1 hafta geçmesine rağmen Ada hâla uyanmamıştı. Ateş, yanından bir an olsun ayrılmamıştı. Burak ise Eda'yı zorla eve götürmüştü. Ada'nın yanında kaldıkça kendini toparlayamıyordu. 'Ada uyandığında seni bu şekilde görmek istemez' diye iknâ edip götürüp duruyordu. Ateş, Ada'nın odasında ki koltukta uyuya kalmıştı.

ADA;

O adamı gördüm. Üzerime doğru yürüyordu. "Yarım kalan işimizi tamamlamaya ne dersin güzelim?" yavaşça pantalonunu çıkartmaya başladı. Yataktaydım, ama istesemde kımıldayamıyordum. Bağırmaya çalışıyordum ancak sesim çıkmıyordu. Üstüme çıktı, ellerini vücudumda gezdirmeye başladı. Eğilip tam dudağımdan öpecekken gözlerimi açıp çığlık atmaya başladım. "HAYIR BIRAK, YAKLAŞMA BANA HAYIR!" Yanımda birden Ateş belirdi. Bana dokunmaya çalışıyordu, sakinleştirmeye çalışıyordu ama arkasında o adamı görüyordum. "HAYIR YAPMA NE OLURSUN! BIRAK BENİ! SANA YALVARIYORUM" çığlık atarak ağlamaya başladım. Ateş hışımla odadan çıkıp "DOKTOR" diye bağırdı. "HAYIR BAĞLAMA ELLERİMİ! ÇEKİL ÜSTÜMDEN, ÇEK O PİS ELLERİNİ ÜSTÜMDEN!" avazım çıktığı kadar bağırıyordum. Doktor ve hemşireler başıma gelip beni tuttuklarında daha şiddetli bağırmaya başladım. "HAYIR, HAYIR BIRAK!" kolumda minik bir acı hissettim ve yavaşça gözlerim kapandı.

ATEŞ;

Ada bir anda çığlık çığlığa bağırıp ağlamaya başladı. Hep aynı şeyleri söylüyordu. 'bırak beni, dokunma bana, ellerimi bağlama'. O böyle bağırdıkça içim parçalanıyordu. Odadan çıkıp direk doktoru çağırdım. Ada, onları gördüğünde daha fazla bağırıp çığlık atmaya başladı. Doktor koluna sakinleştirici iğne yaptıktan sonra gözleri yavaşça kapandı. O adamı öldürmekten beter edeceğim! Benim olana ne yaptıysa aynısını ona yapacağım!

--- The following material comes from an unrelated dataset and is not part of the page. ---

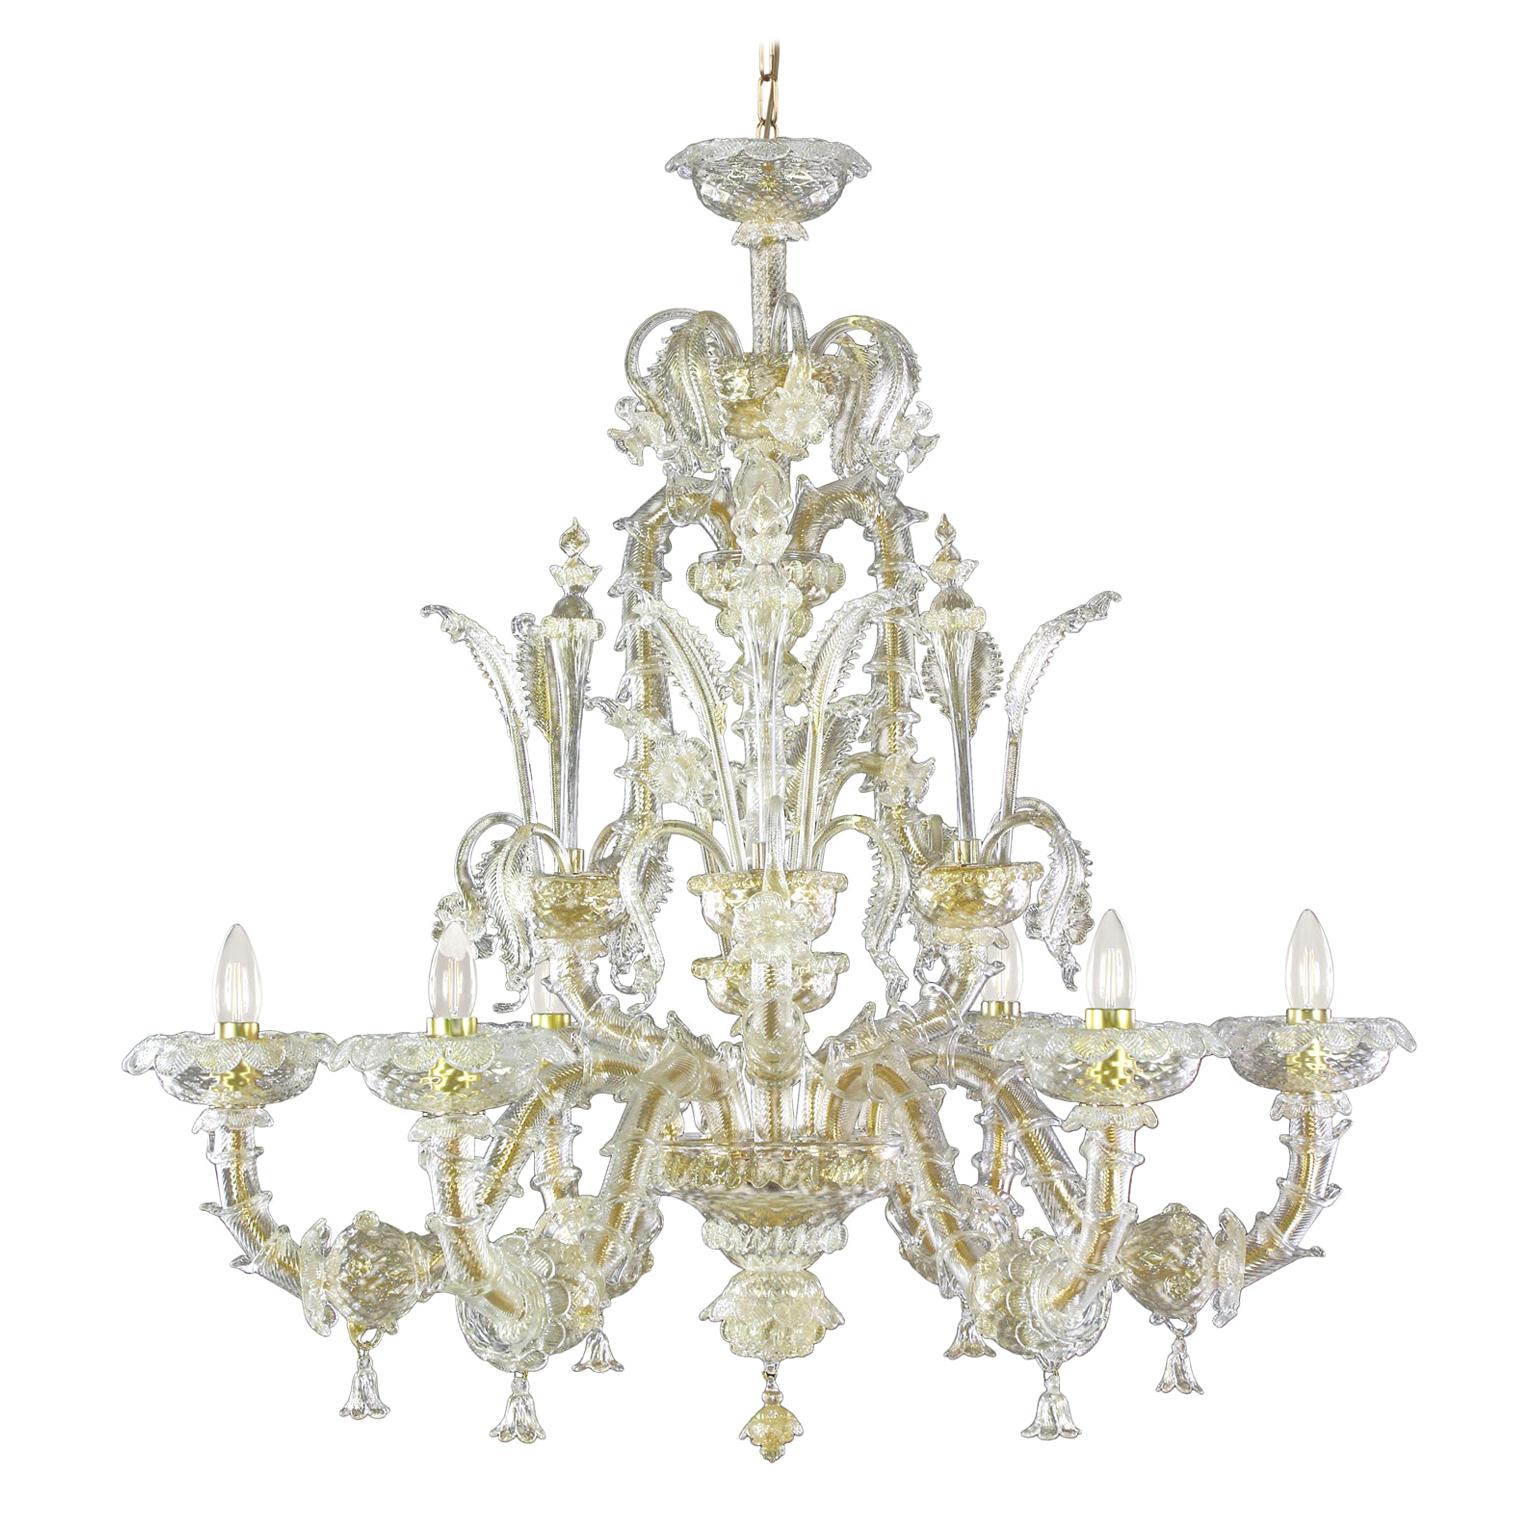 Rezzonico Chandelier 6 arms Crystal and Gold Details Caesar by Multiforme For Sale

Doktor beni dışarı çağırdı. "Ateş bey, yaşadığı şeyler normal olmadığı için kriz geçirmei çok doğal. Bu süreçte ondan izinsizce ona dokunmamanız gerek. Kontrol ettiğimde fiziksel olarak gayet iyi durumda hiçbir sorunu yok. Ama psikolojik tedavi görmesi şart" dediklerini başımla onayladım. "Çıkış işlemlerini halledip eve götüreceğim." Doktor beni durdurup "Ateş bey bunu önermiyoruz. En azından bir müddet daha kalıp psikolojik tedavi görmesi daha iyi olur" Doktoru kenara itip "BEN NE DEDİYSEM O OLACAK! ONU DAHA FAZLA BURDA TUTMAYACAĞIM! ŞİMDİ ÇEKİL ÖNÜMDEN" doktor hiçbir şey söylemeden kenara çekildi.

"AHMET! çıkış işlemlerini hallet!" , "Tamam abi" Ada'nın odasına girdim. Meleğim hâlâ uyuyordu. Kucağıma alıp arabaya bindirdim. Eve doğru sürmeye başladım. Eve geldiğimizde onu kucağıma alıp odaya çıkarttım, yatağına yatırdım. Saçından öpüp aşağıya indim. "Zeynep, Ada uyandığında haber ver bana. Biraz işim var", "Nasıl isterseniz Ateş bey" Arabaya binip depoya doğru sürmeye başladım. Şimdi o orosbu çocuğuna gününü göstereceğim. Ölmek için bana yalvaracak! Kısa bir süre sonra depoya vardım. Kapıyı açıp içeri girdim. Sandalyede zincirlerle bağlı, baygın bir şekilde oturuyordu.

+18 işkence olacak rahatsız olanlar lütfen okumasın. (biraz ağır şeyler yapacağım.)

Ahmet'e işaret verdim. Buzlu suyu Mehmet'in başından aşağıya döktü. Nefes nefese gözlerini açtı. "Günaydın Mehmet" beni gördüğü zaman korkudan titrmeye başladı. Masaya dönüp testereyi elime aldım. "İlk önce ne yapsam acaba? Kadınıma dokunan ellerini mi kessem, yoksa o küçük sikini mi?" Onun yüzünde ki korku bana çok haz veriyordu. "Madem sen söylemiyorsun ozaman ben karar vereyim. Ahmet tut şu piçin elini!"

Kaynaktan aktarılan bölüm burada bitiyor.